Collected material »
--

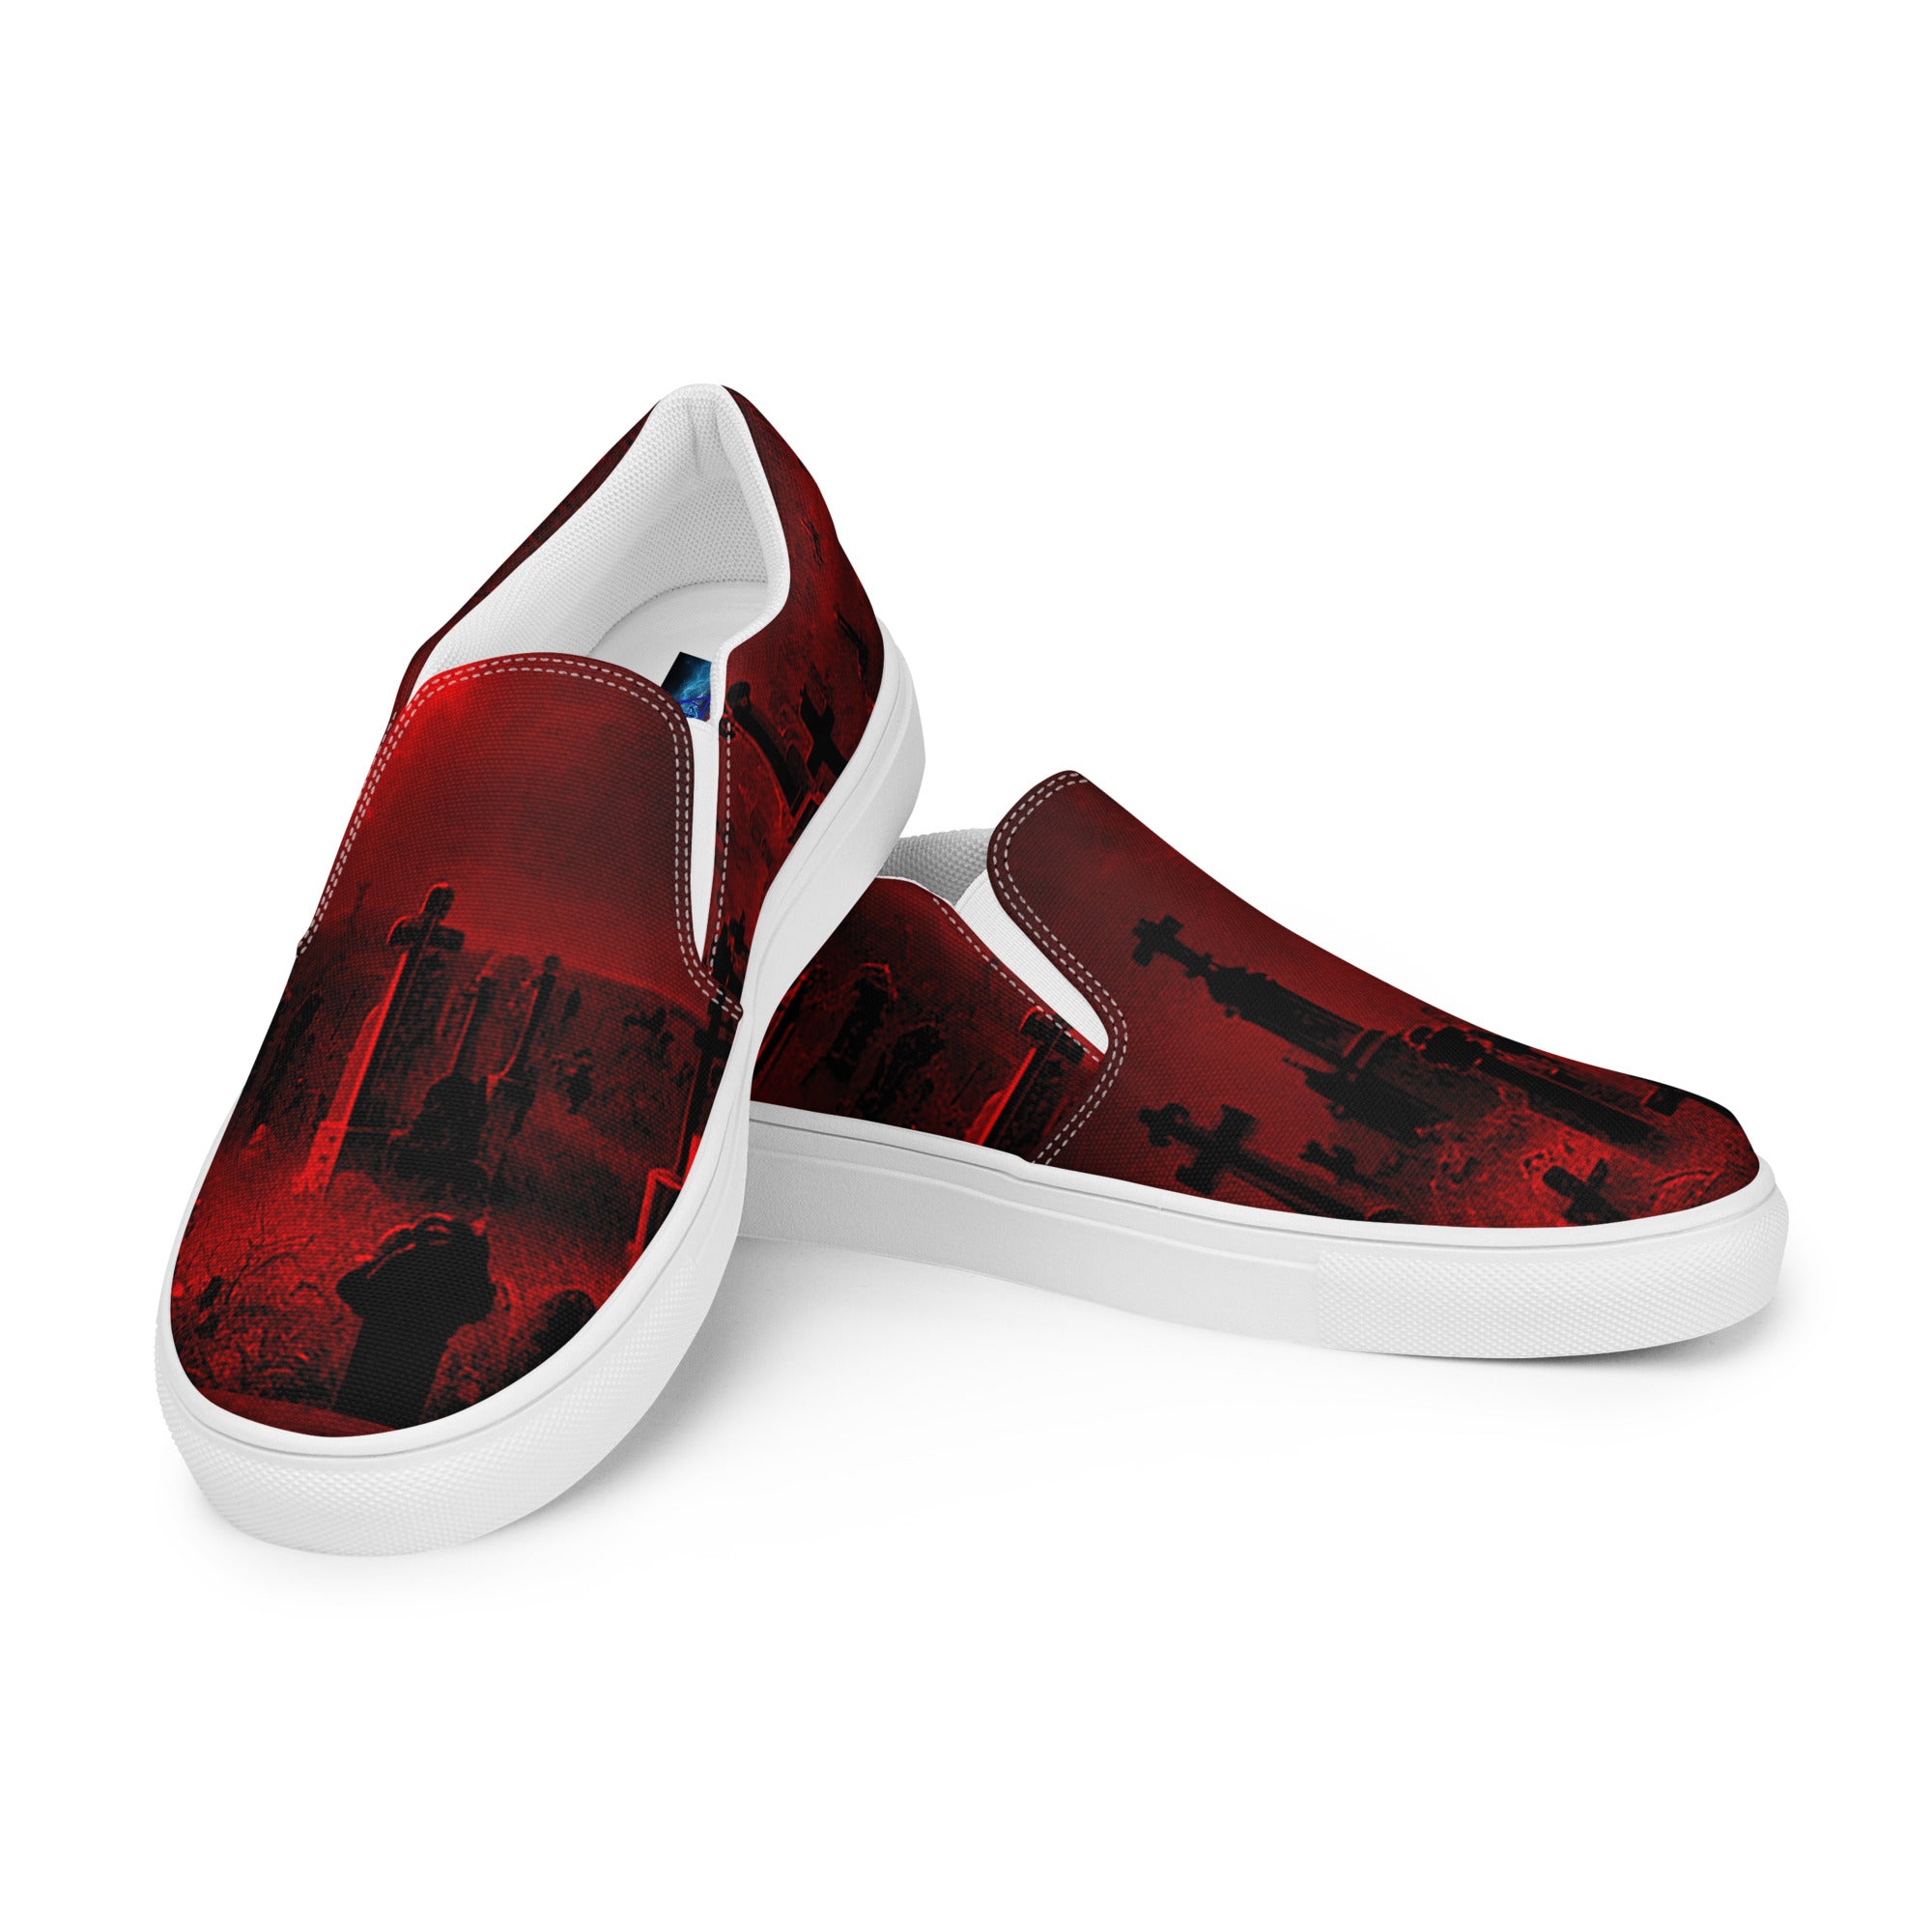 Blood Red Cemetery Tombstone Graveyard Scene Women’s slip-on canvas shoes
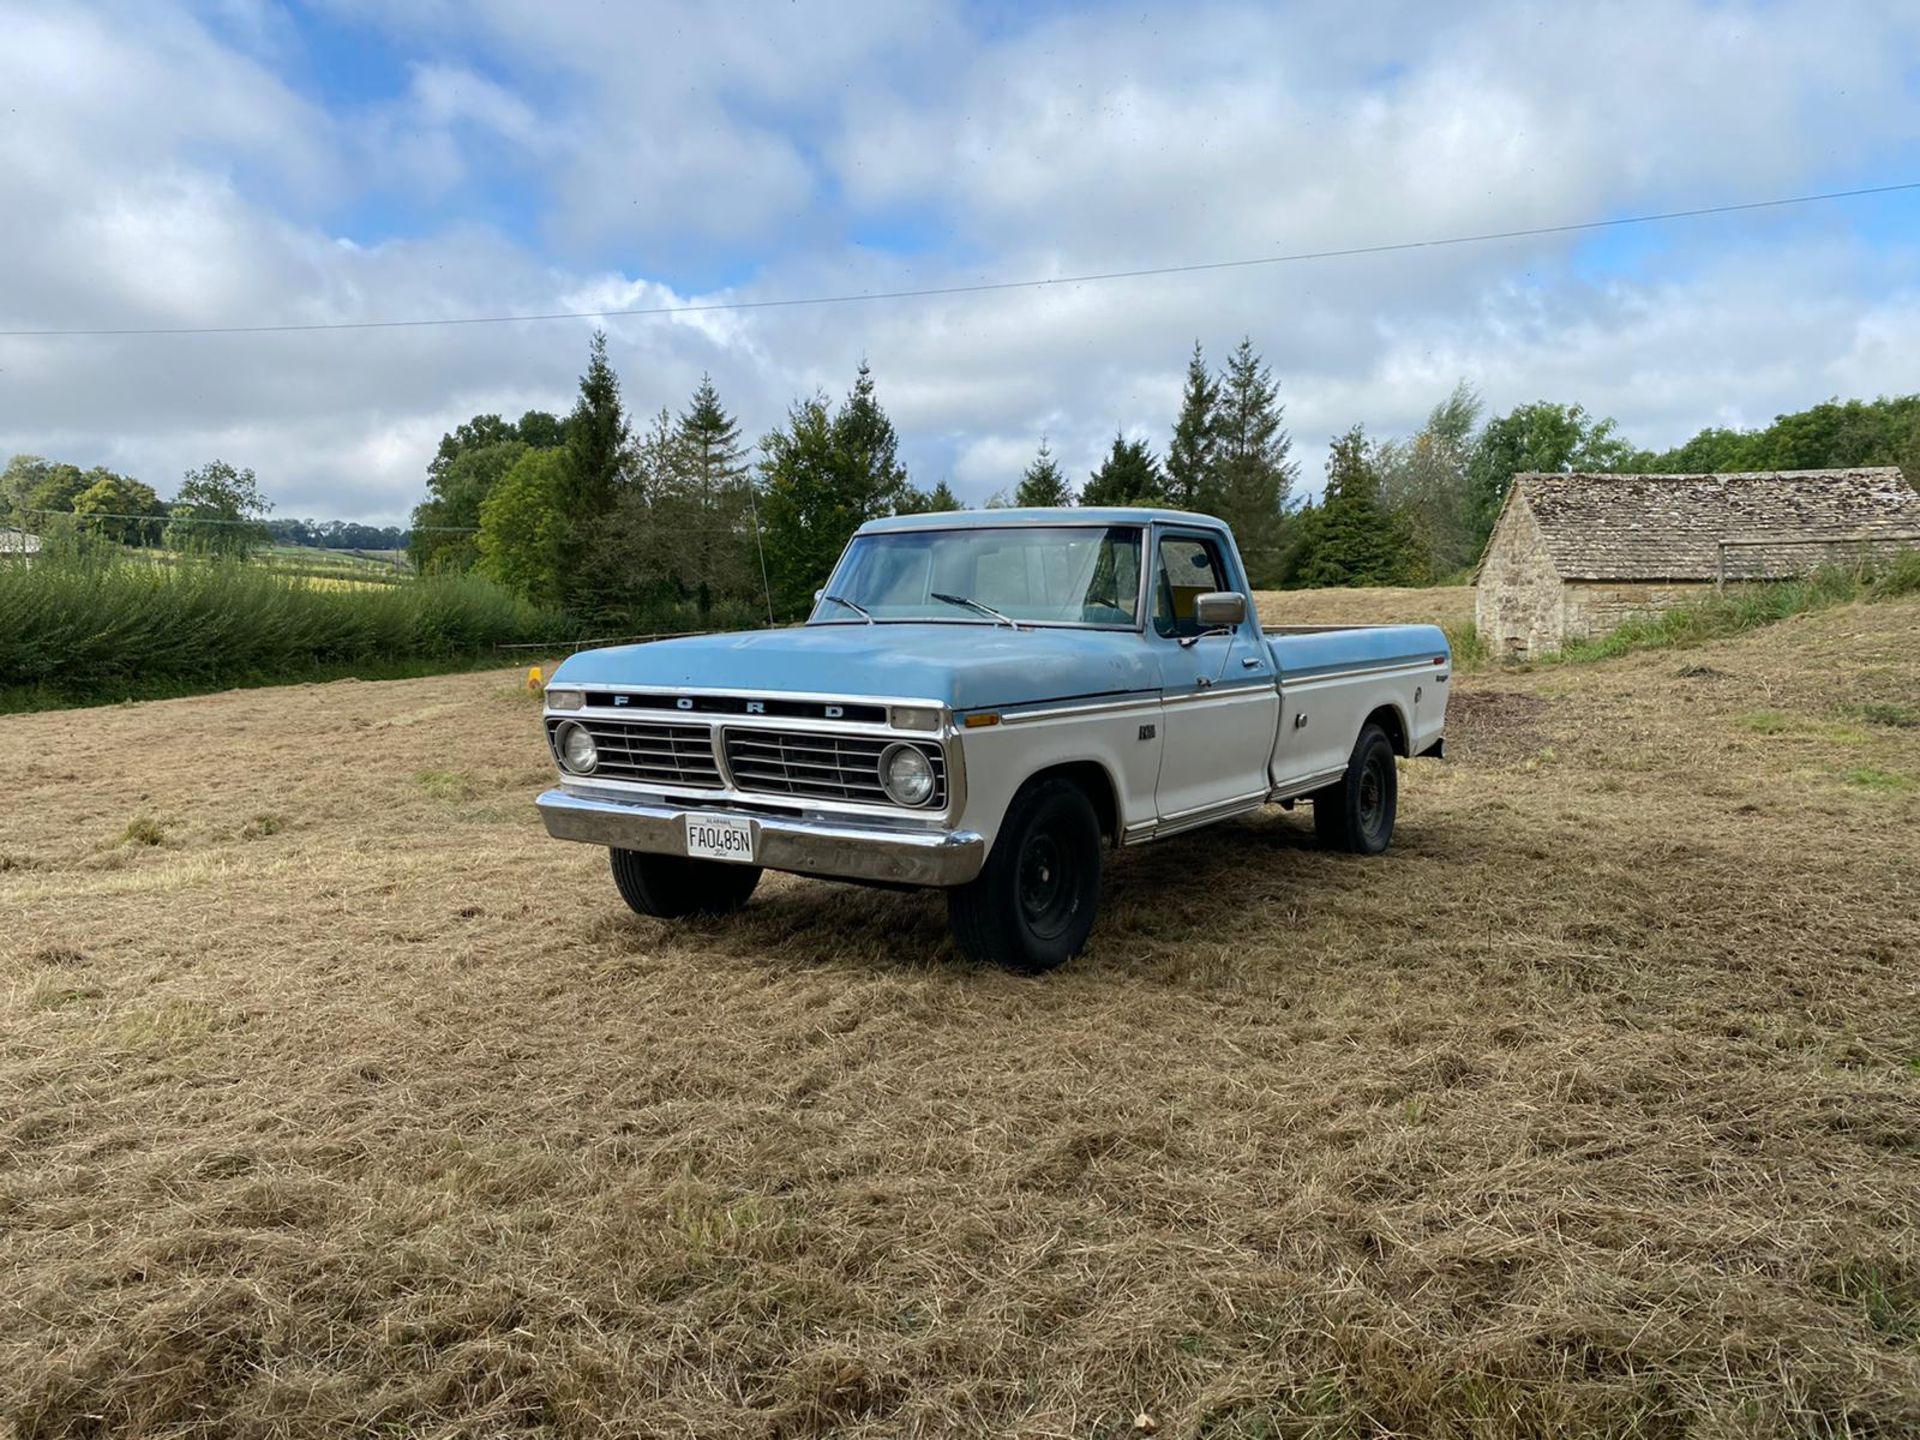 1975 FORD F-250 6.4 (390) V8, 4 SPEED MANUAL, HAS JUST BEEN REGISTERED, NEW BENCH SEAT *NO VAT* - Image 9 of 22
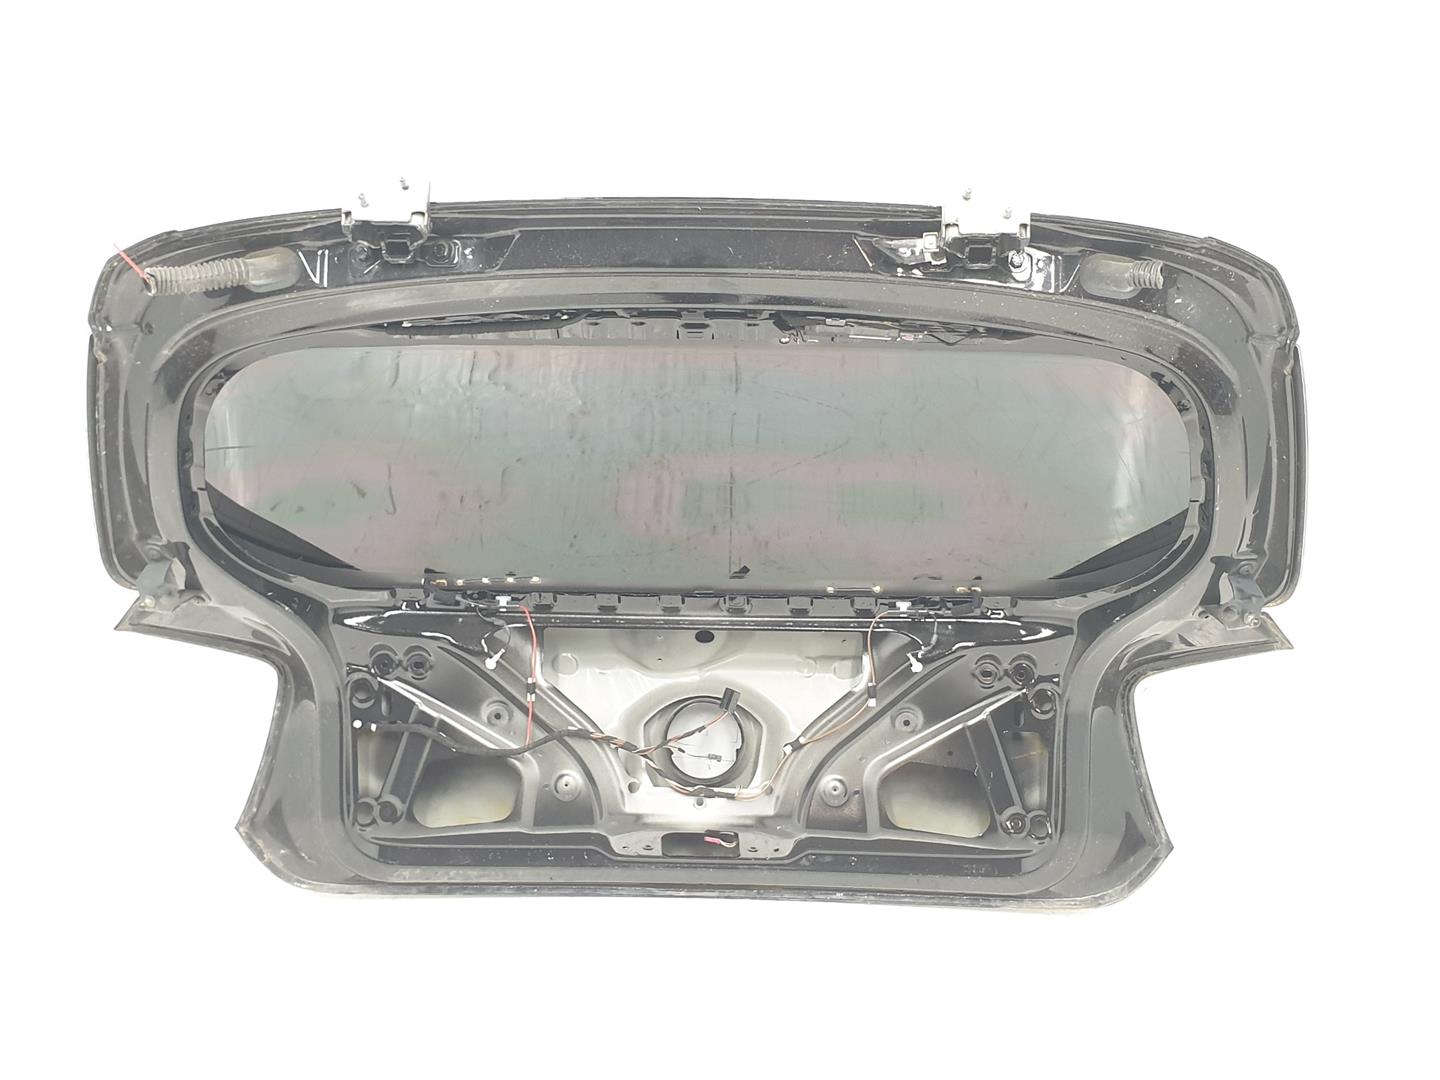 BMW 1 Series F20/F21 (2011-2020) Bootlid Rear Boot 7305470, 41007305470, COLORNEGRO668 24772313

--

Required work »
In your copy, include no pictures; print every line above exactly.

Written reply »
 Blood Red Cemetery Tombstone Graveyard Scene Women’s slip-on canvas shoes
 1975 FORD F-250 6.4 (390) V8, 4 SPEED MANUAL, HAS JUST BEEN REGISTERED, NEW BENCH SEAT *NO VAT* - Image 9 of 22
 BMW 1 Series F20/F21 (2011-2020) Bootlid Rear Boot 7305470, 41007305470, COLORNEGRO668 24772313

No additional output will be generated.